<-References Go to ToC AI Modules->
1. Technical Specification | 2. Reference Software | 3. Conformance Testing | 4. Performance Assessment |
1. Technical Specifications
Technical Specification: Portable Avatar Format (MPAI-PAF) V1.5, jointly with other MPAI Technical Specifications, provides technologies for the digital representation of 3D Model Data that enable the Avatar-Based Videoconference, a form of videoconference held in a Virtual Environment populated by speaking Avatars and implemented as an AI Workflow specified by Technical Specification: AI Framework (MPAI-AIF) V2.2.

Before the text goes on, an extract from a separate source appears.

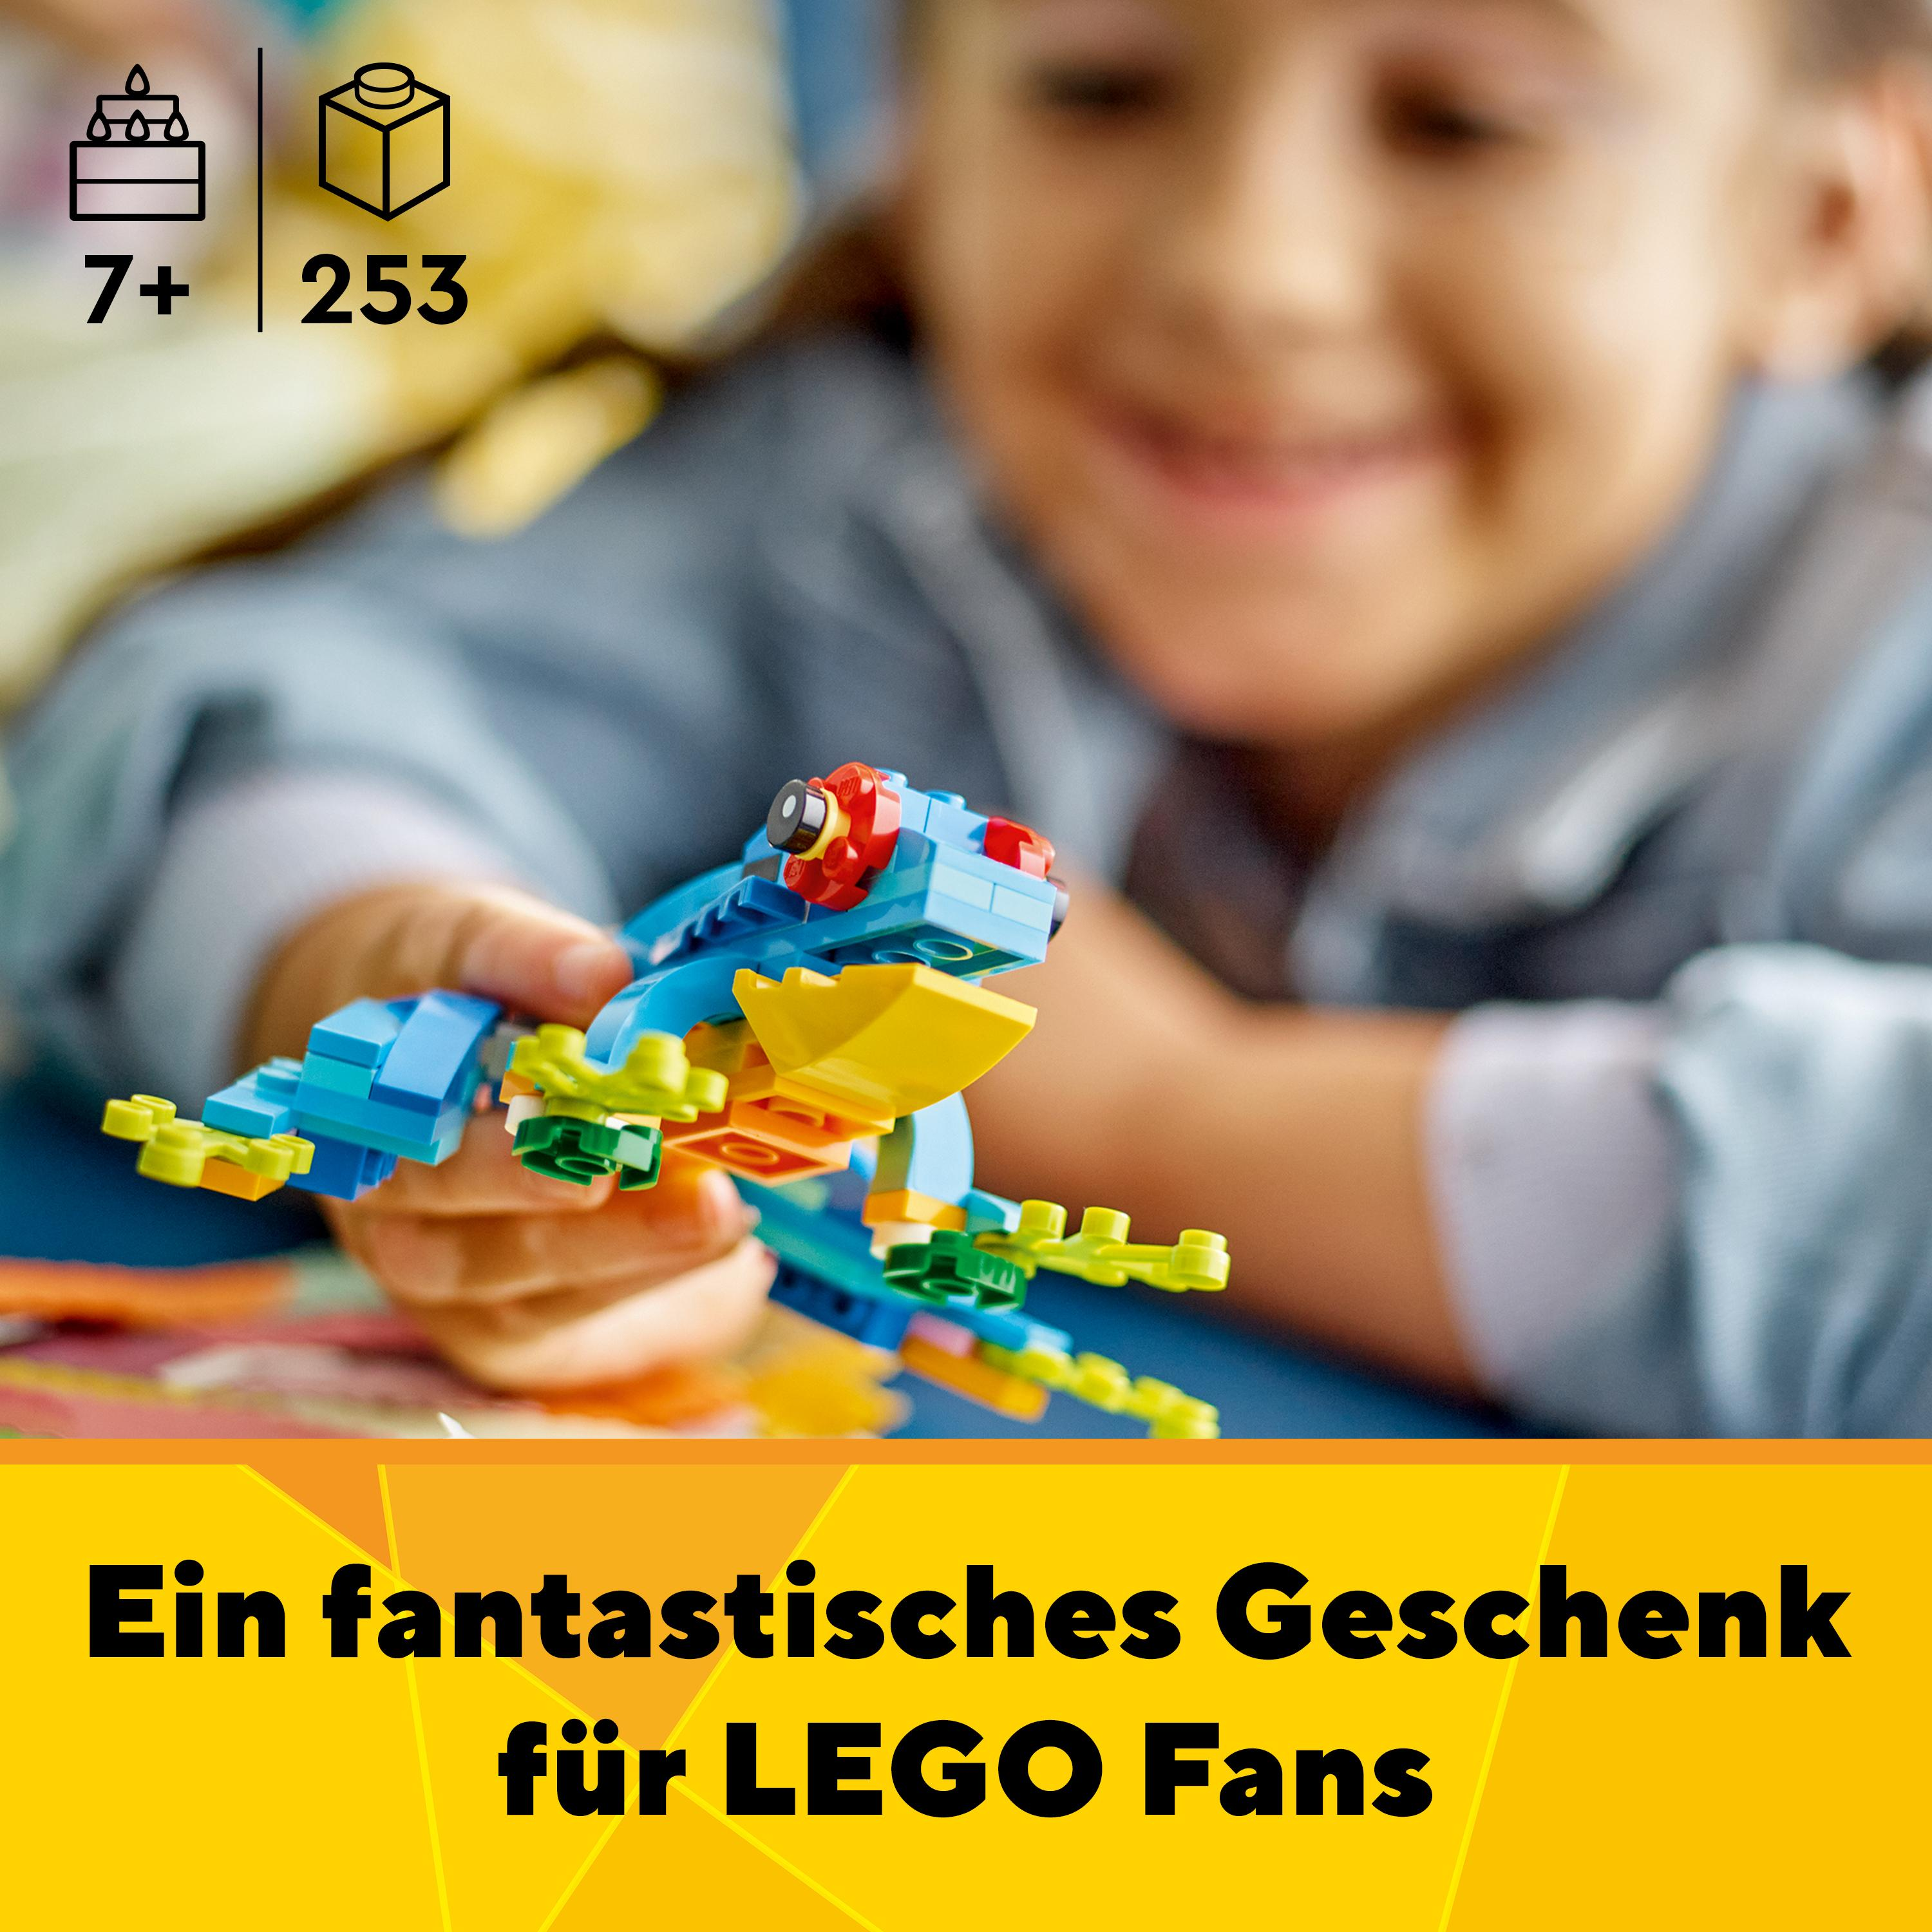 Mehrfarbig Papagei Bausatz, Exotischer LEGO 31136 Creator

Table 1 lists the AIWs specified by MPAI-PAF V1.5. Links lead to the individual MPAI-PAF V1.5 AIW specifications. They include AIW Function, Reference Model, and I/O Data and, for each AIM, Functions, I/O Data, and links to the AIMs and JSON metadata related to the AI Workflow.
All previously specified MPAI-PAF AI-Workflows are superseded by those specified by V1.5 but may be used if their version is explicitly mentioned.
Table 1 – AIWs specified by MPAI-PAF V1.5
Acronym | Names and Specifications of AI Workflows | JSON |
PAF-CTX | Videoconference Client Transmitter | X |
MMC-VMS | Virtual Meeting Secretary | X |
PAF-AVS | Avatar Videoconference Server | X |
PAF-CRX | Videoconference Client Receiver | X |
Figure 1 depicts the Avatar-Based Videoconference system composed of four subsystems (AI Workflows).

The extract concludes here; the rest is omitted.